### PROBLEM
Your task is to copy the lines from the line containing "Open Weave Fly" through the end of the listing below, both included, without any pictures.

### DATA BLOCK
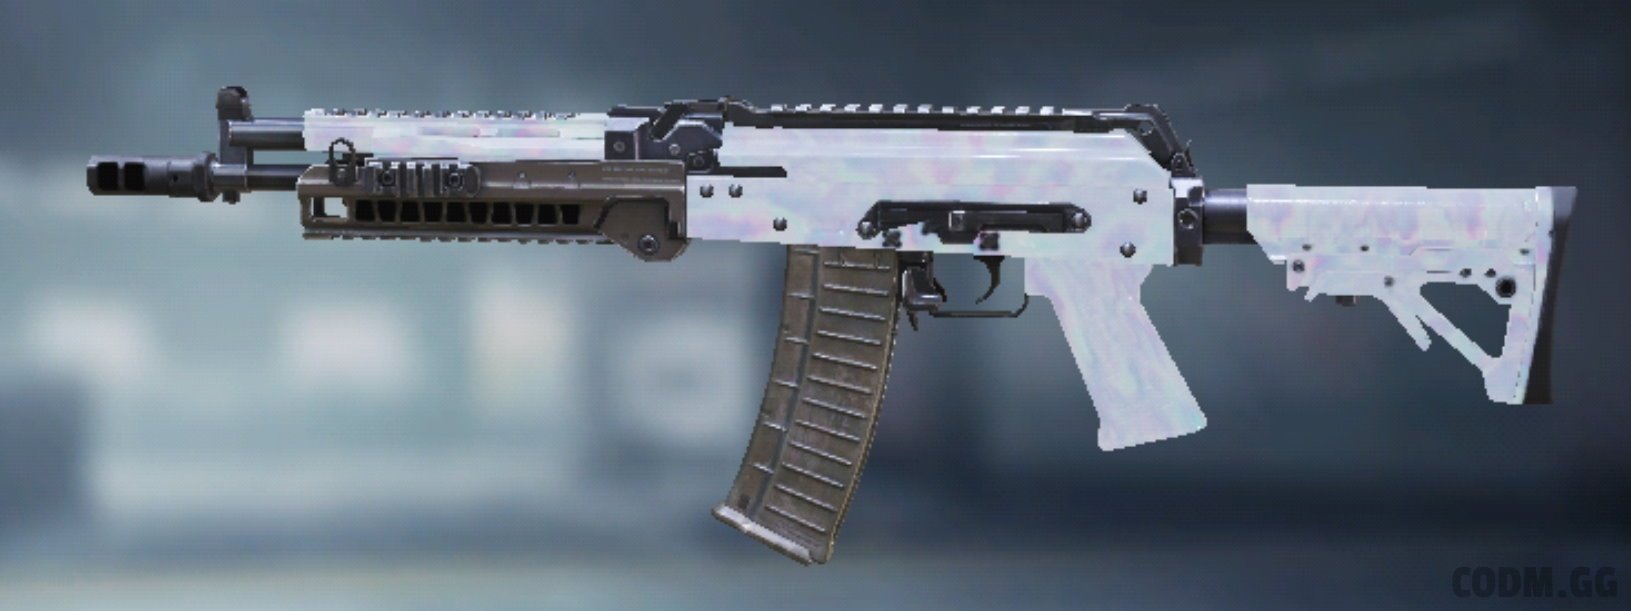 AK117 Moonstone, Epic camo in Call of Duty Mobile
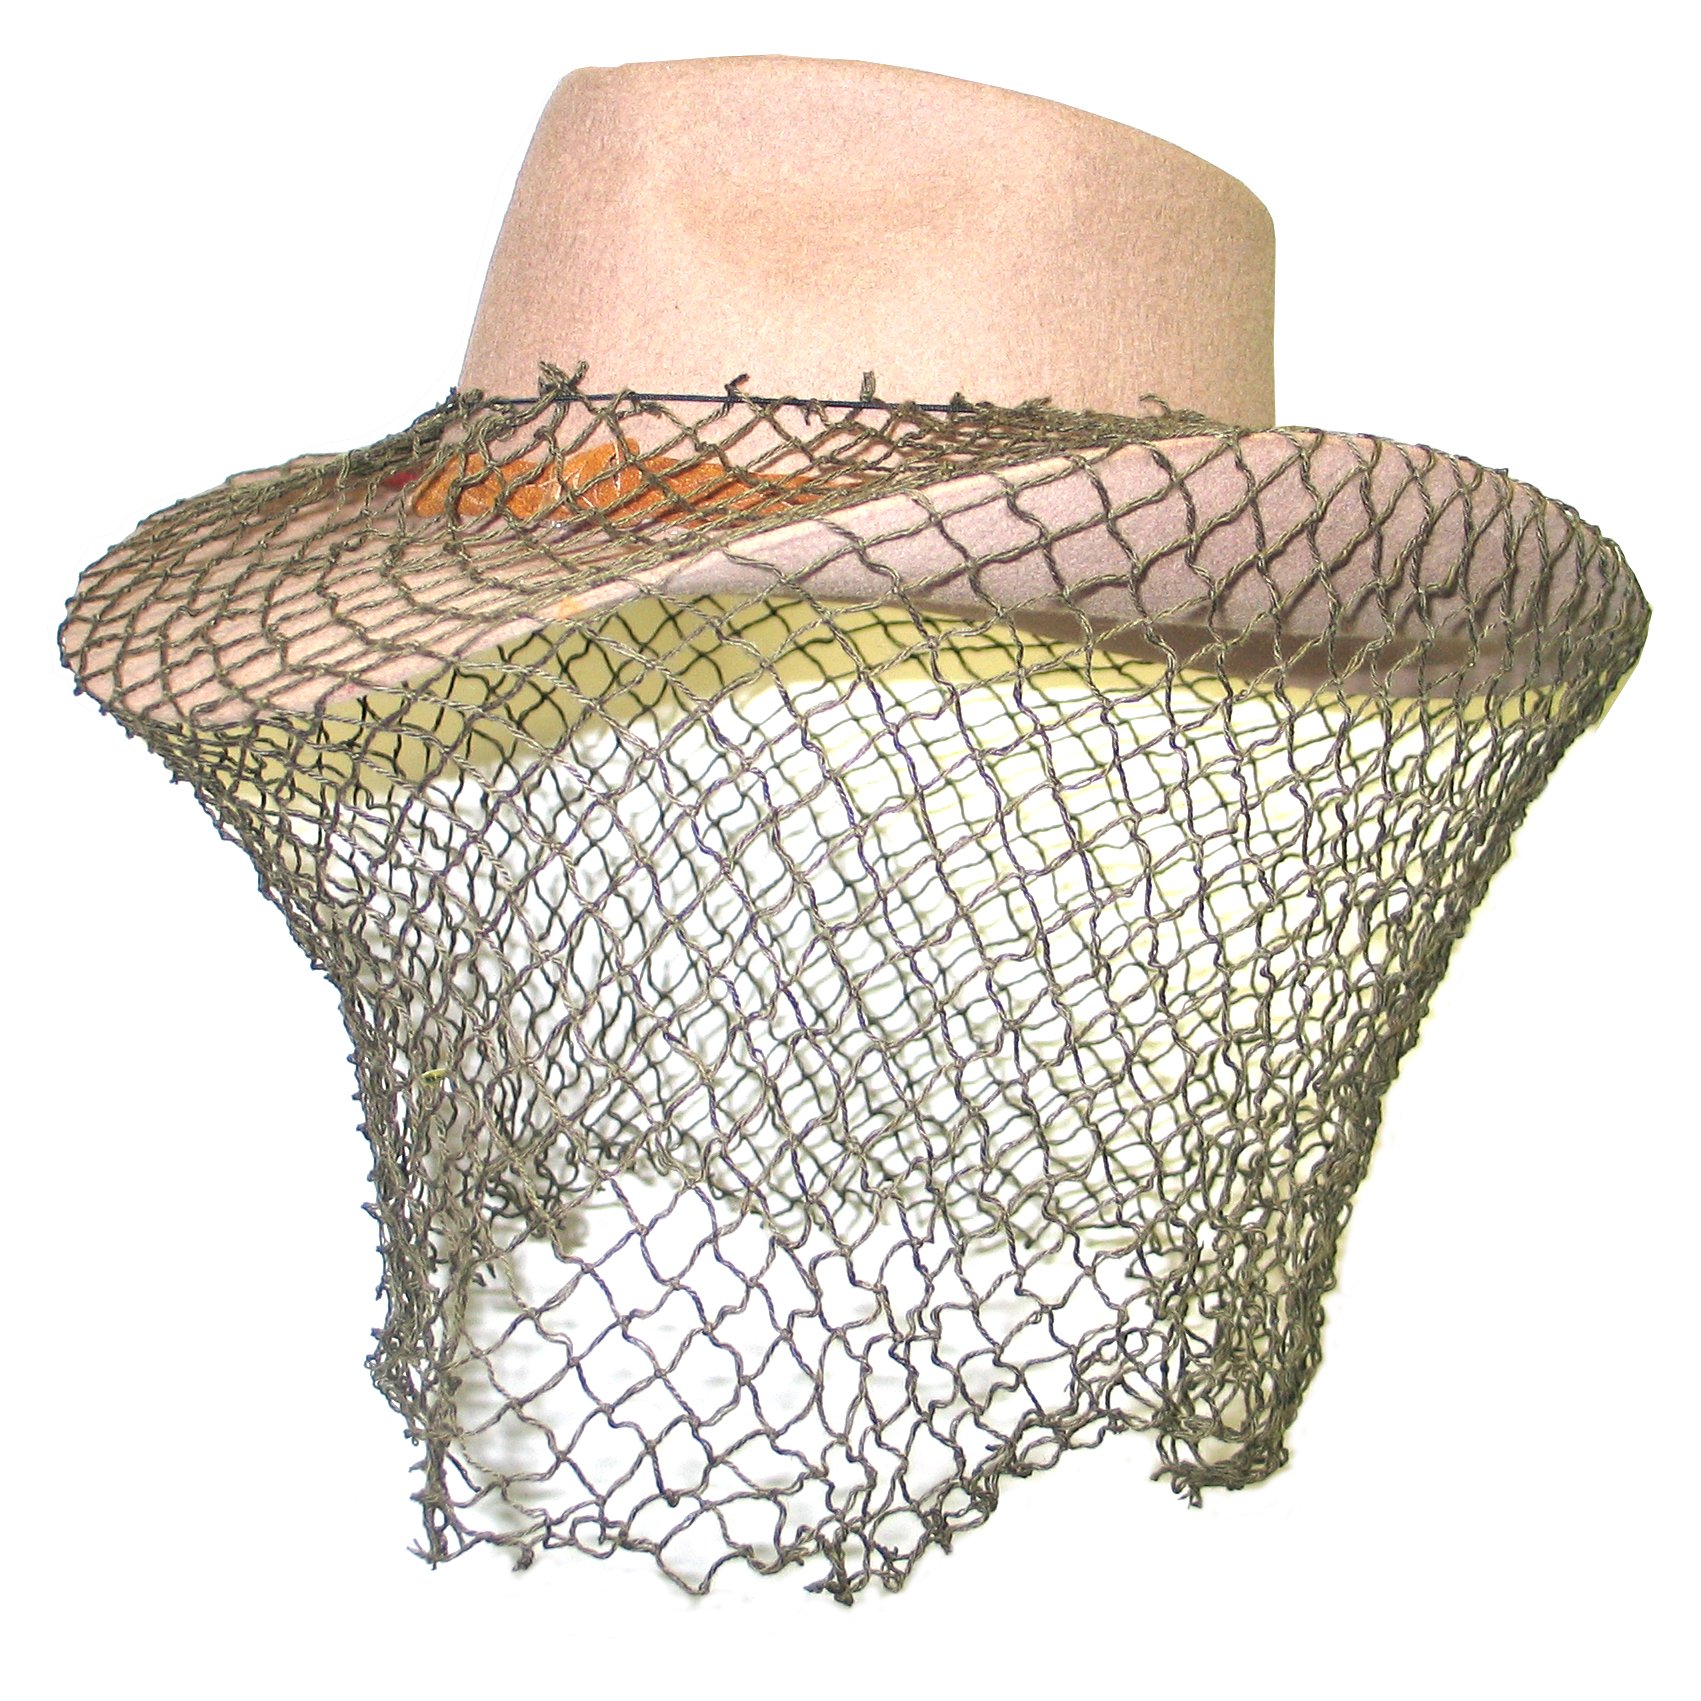 Open Weave Fly Net - OUTBOUND NEW : Mosquito Nets and Insect Repellents to  Keep Annoying Bugs at Bay
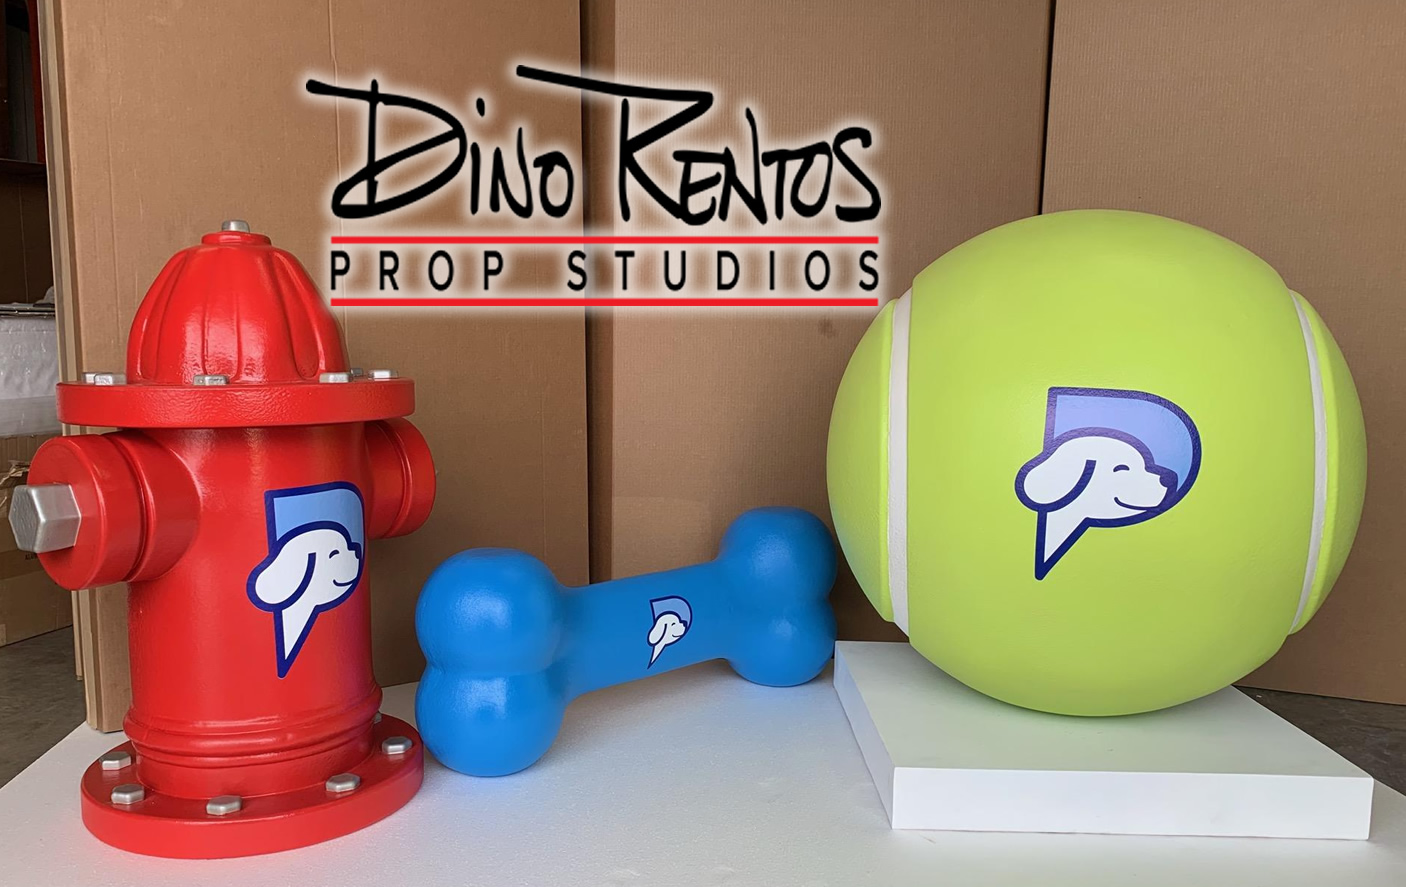 Custom Foam Pet Toys Hydrant Tennis Ball Bone for PetPartners display for tradeshows and events 
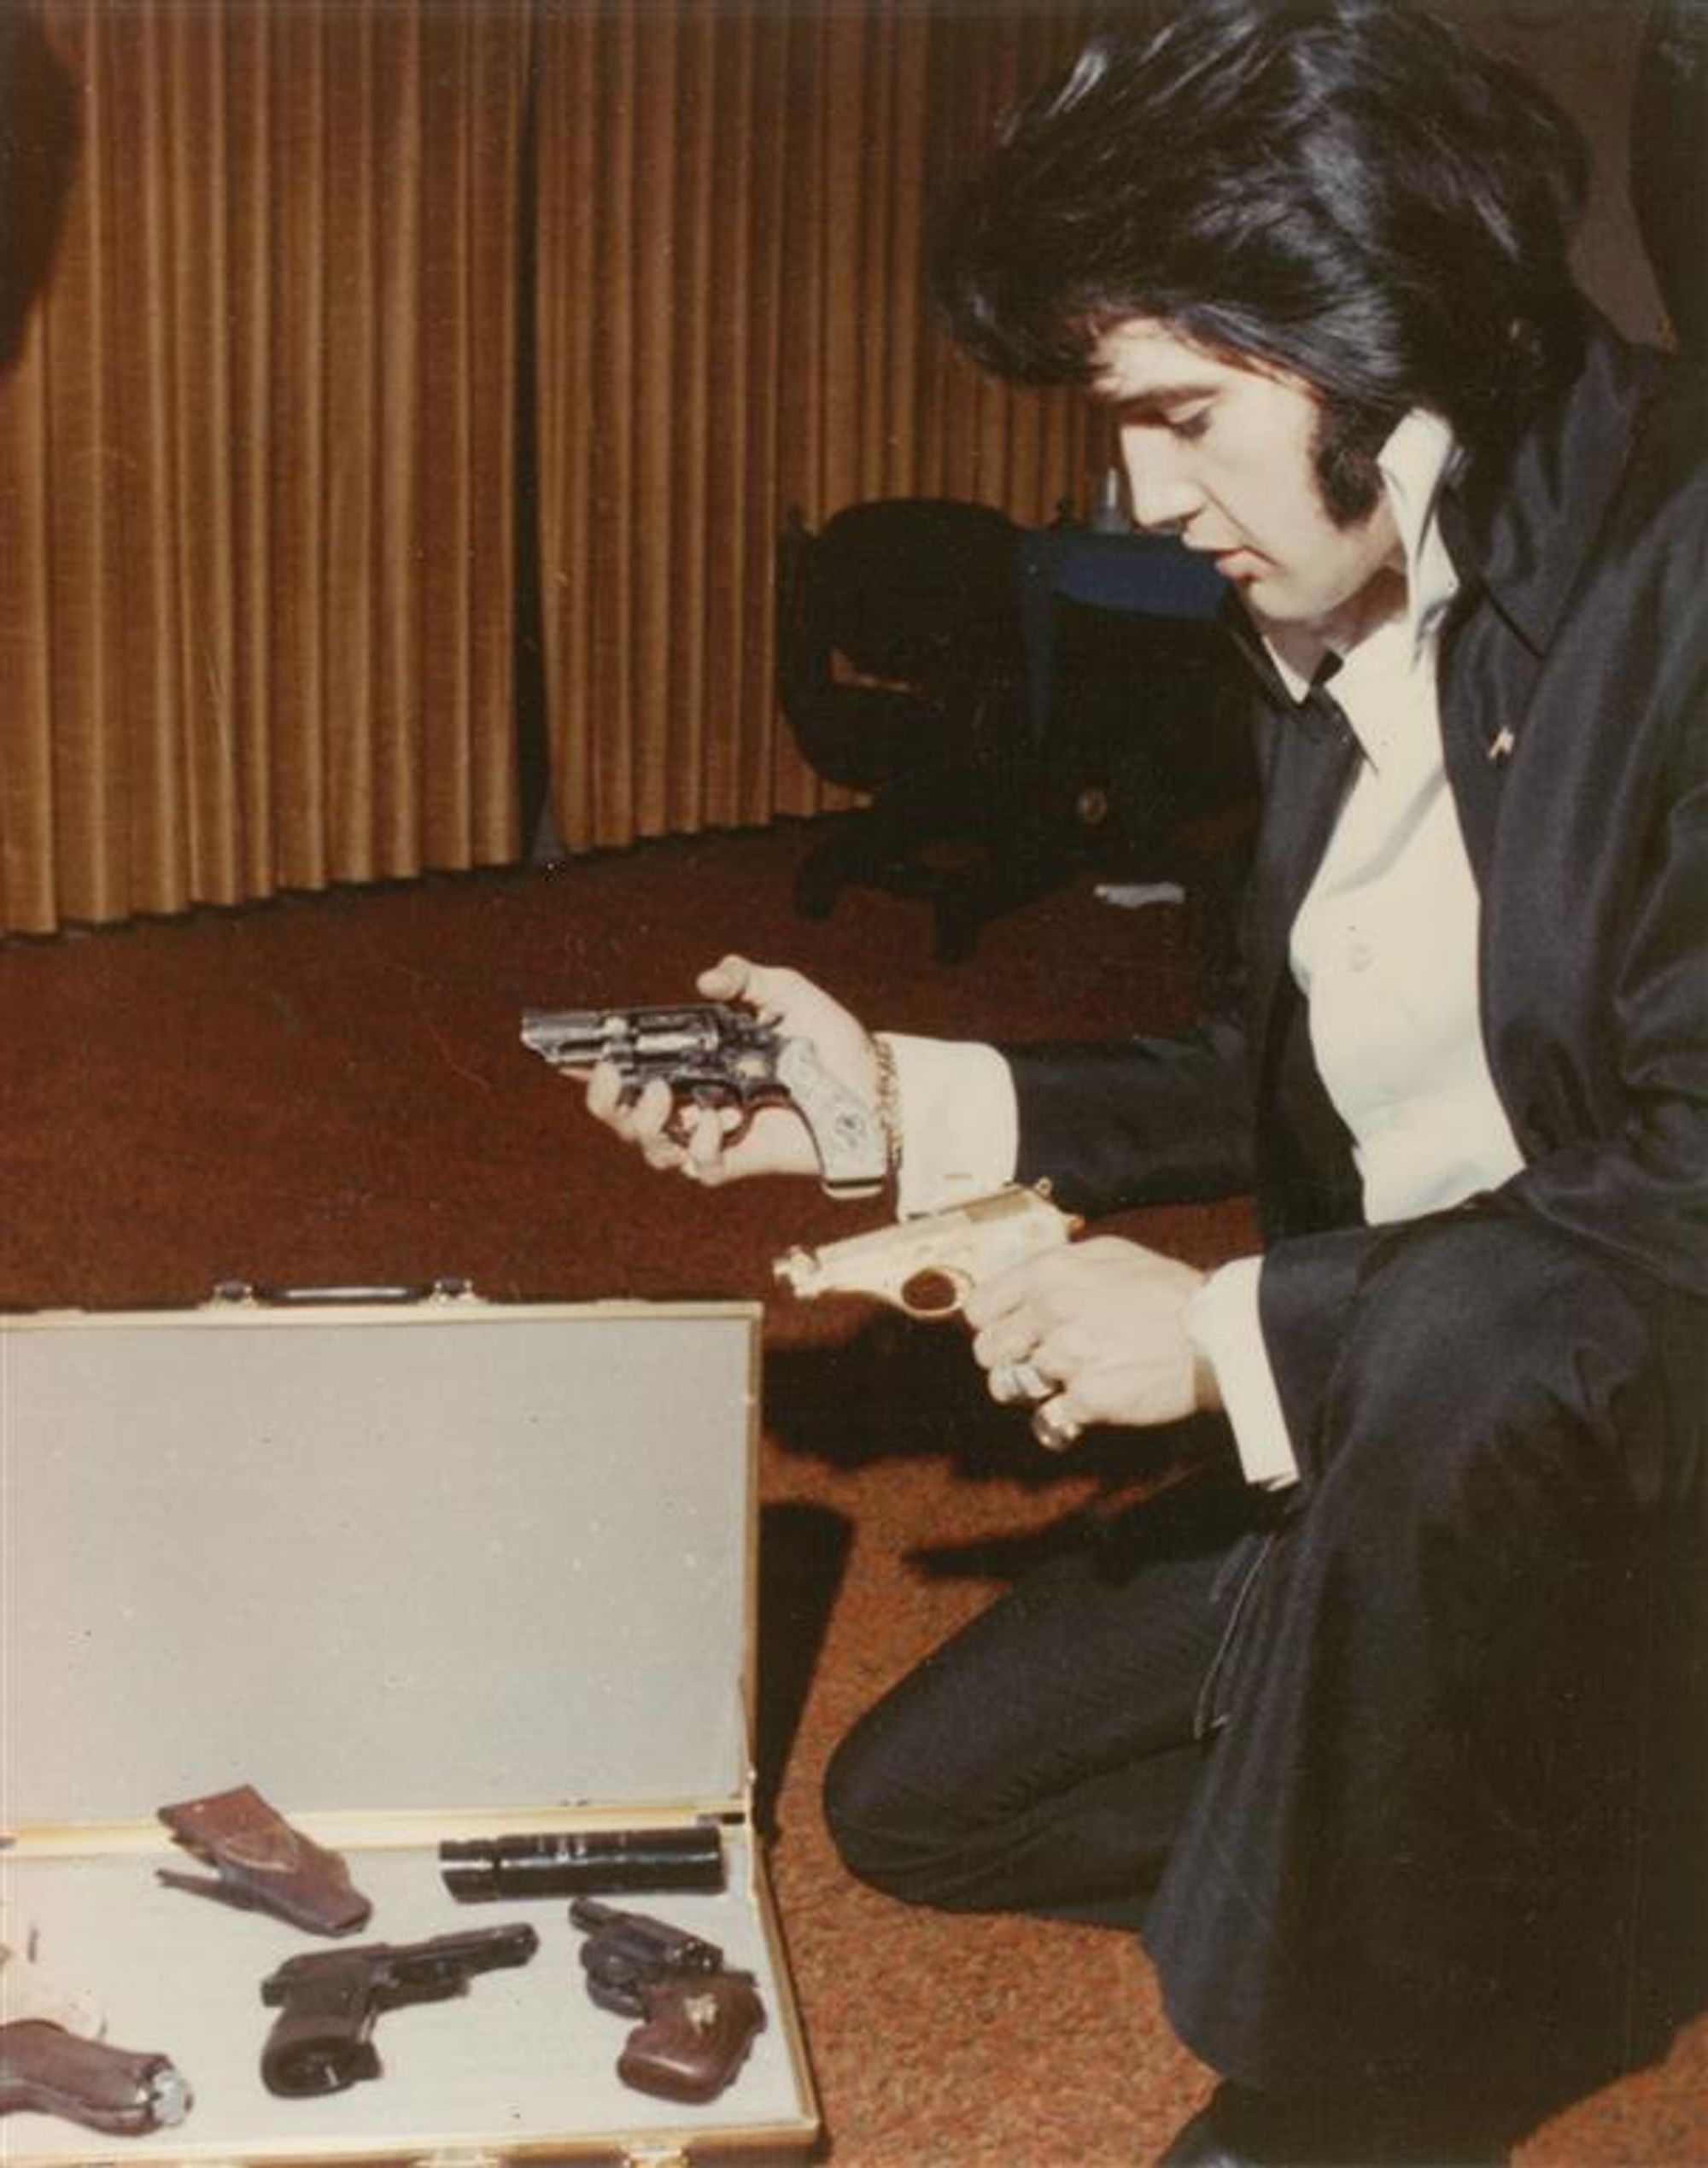 Elvis holding the Smith & Wesson 19-2

### EXPECTED ANSWER
 Open Weave Fly Net - OUTBOUND NEW : Mosquito Nets and Insect Repellents to  Keep Annoying Bugs at Bay
 Custom Foam Pet Toys Hydrant Tennis Ball Bone for PetPartners display for tradeshows and events 
 Elvis holding the Smith & Wesson 19-2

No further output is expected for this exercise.